My hunch is that syncing / flushing buffers may free up enough memory to disable swap, if we were in an impossible-to-swapoff scenario before.  I may be missing something, though.
Comment 31 Conrad Meyer freebsd_committer 2018-01-11 21:55:39 UTC
(In reply to Conrad Meyer from comment #30)
One other comment: Should the existing swapoff_all() call at the end of bufshutdown() should be deleted if we are moving the call higher up?  Or is there value in invoking it twice?  (Maybe unmounting a filesystem frees sufficient memory for a swap partition to swapoff.)
Comment 32 ota 2018-01-11 23:46:15 UTC
(In reply to Conrad Meyer from comment #31)

if tmpfs uses large memory so that files on tmpfs were swapped out, the 1st swapoff_all() can fail due to insufficient memory.

vfs_unmountall() will unmount and release such tmpfs memory so that 2nd swapoff_all() may be able to swapoff this time; however, if swap spaces left are still NFS files or mdconfig files, we will still get panic.

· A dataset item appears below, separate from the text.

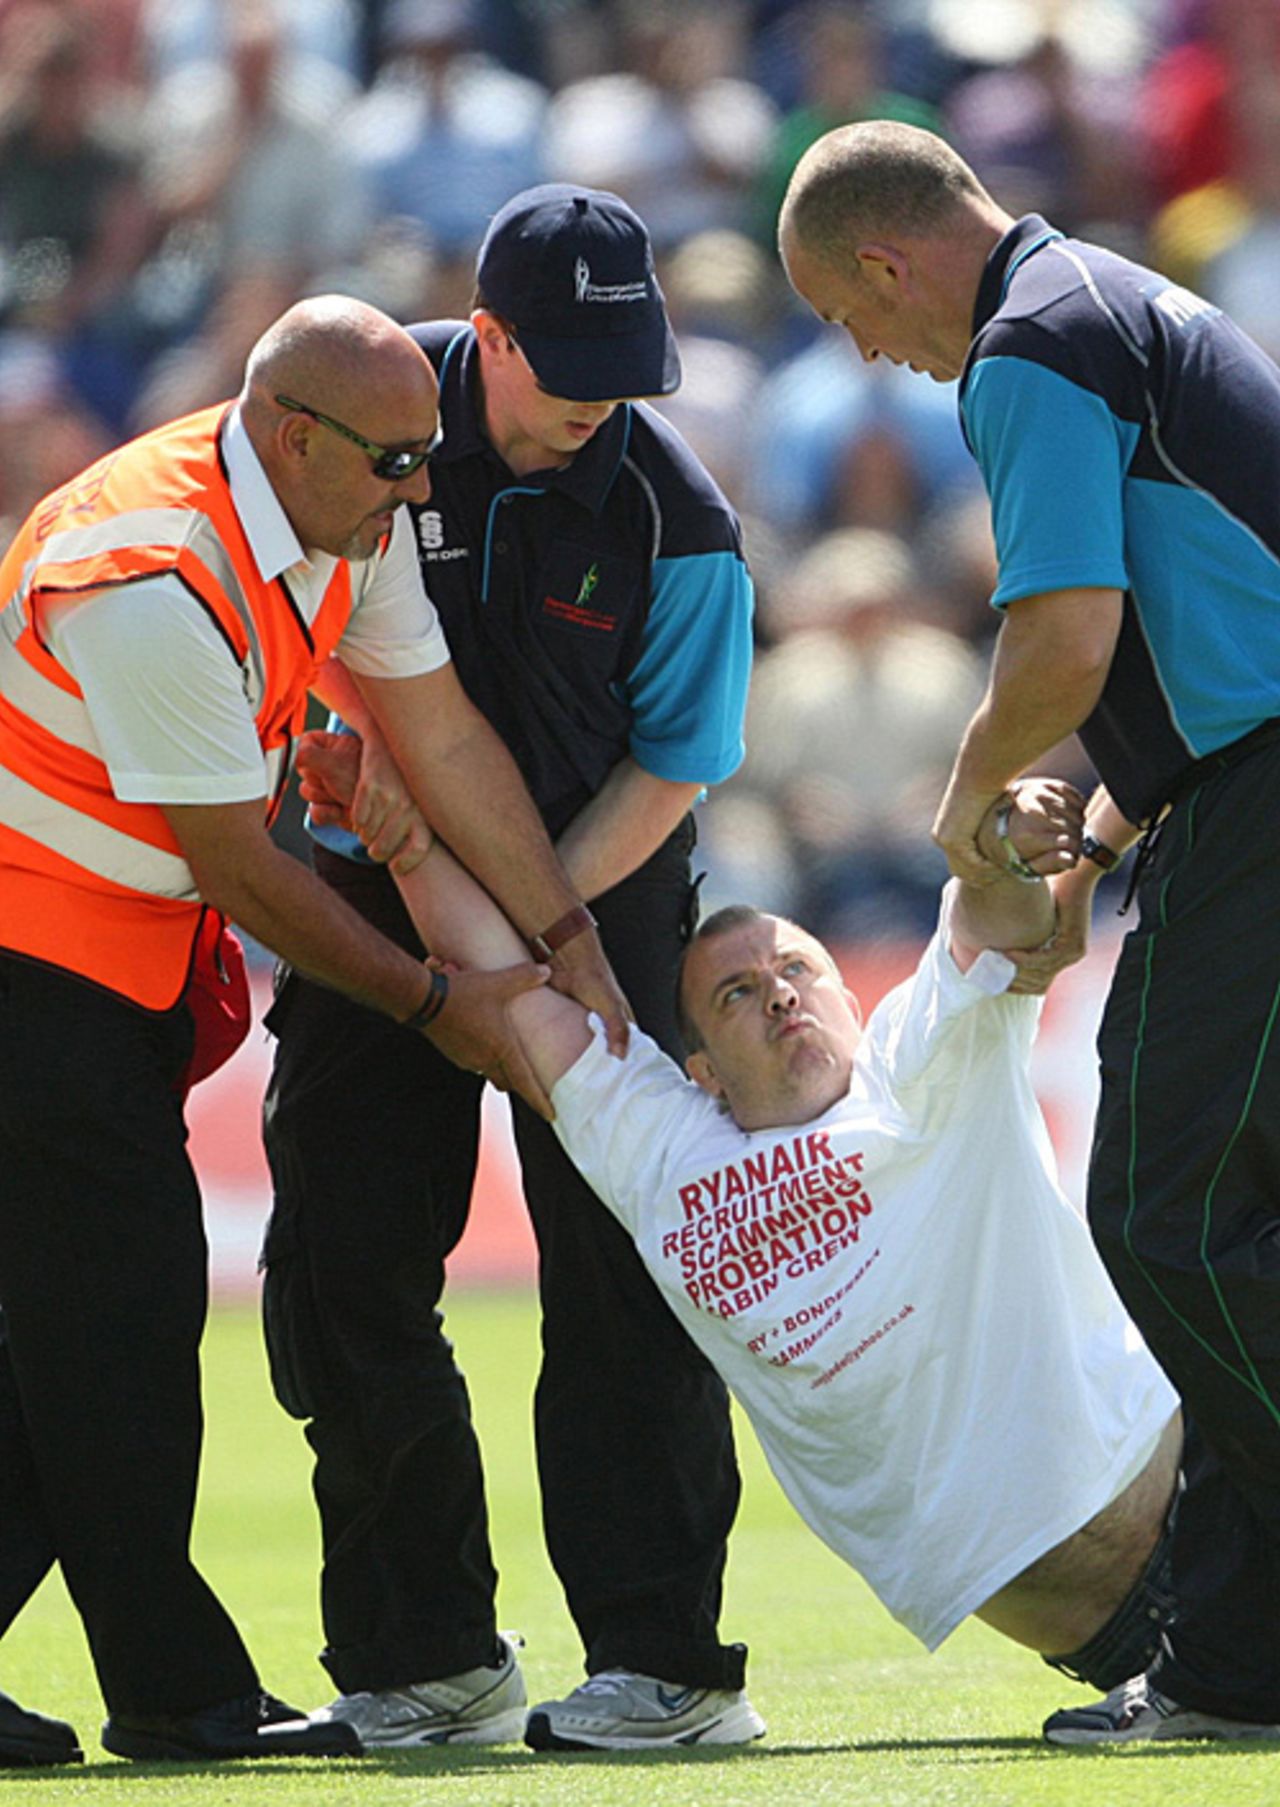 A man protesting against the recruitment policies of an airline is dragged off the Cardiff pitch, England v Australia, 1st Test, Cardiff, 5th day, July 12, 2009

So, I changed swapoff_all() to release in the reverse order swap spaces are added.  System adds swap devices at start (given the penalty of mdconfig/NFS, raw devices are best and most suitable for default entries).

When memory and swap space go short, I add md-file or NFS files to avoid immediate issues.  So, reverse order in swap_all will take outs manually added entries first to reduce chances of panic.

Actually... if all file systems are already unmounted, any processes get swapped-in from swap spaces cannot do much useful anyway; indeed, we may not need 2nd(existing) swapoff_all()...
Comment 33 ota 2018-01-24 03:11:06 UTC
(In reply to ota from comment #32)

I removed the bottom/2nd swapoff_all() since the above post and testing ( I shutdown multiple times in a day ) but haven't had any issues such as panic or any data loss.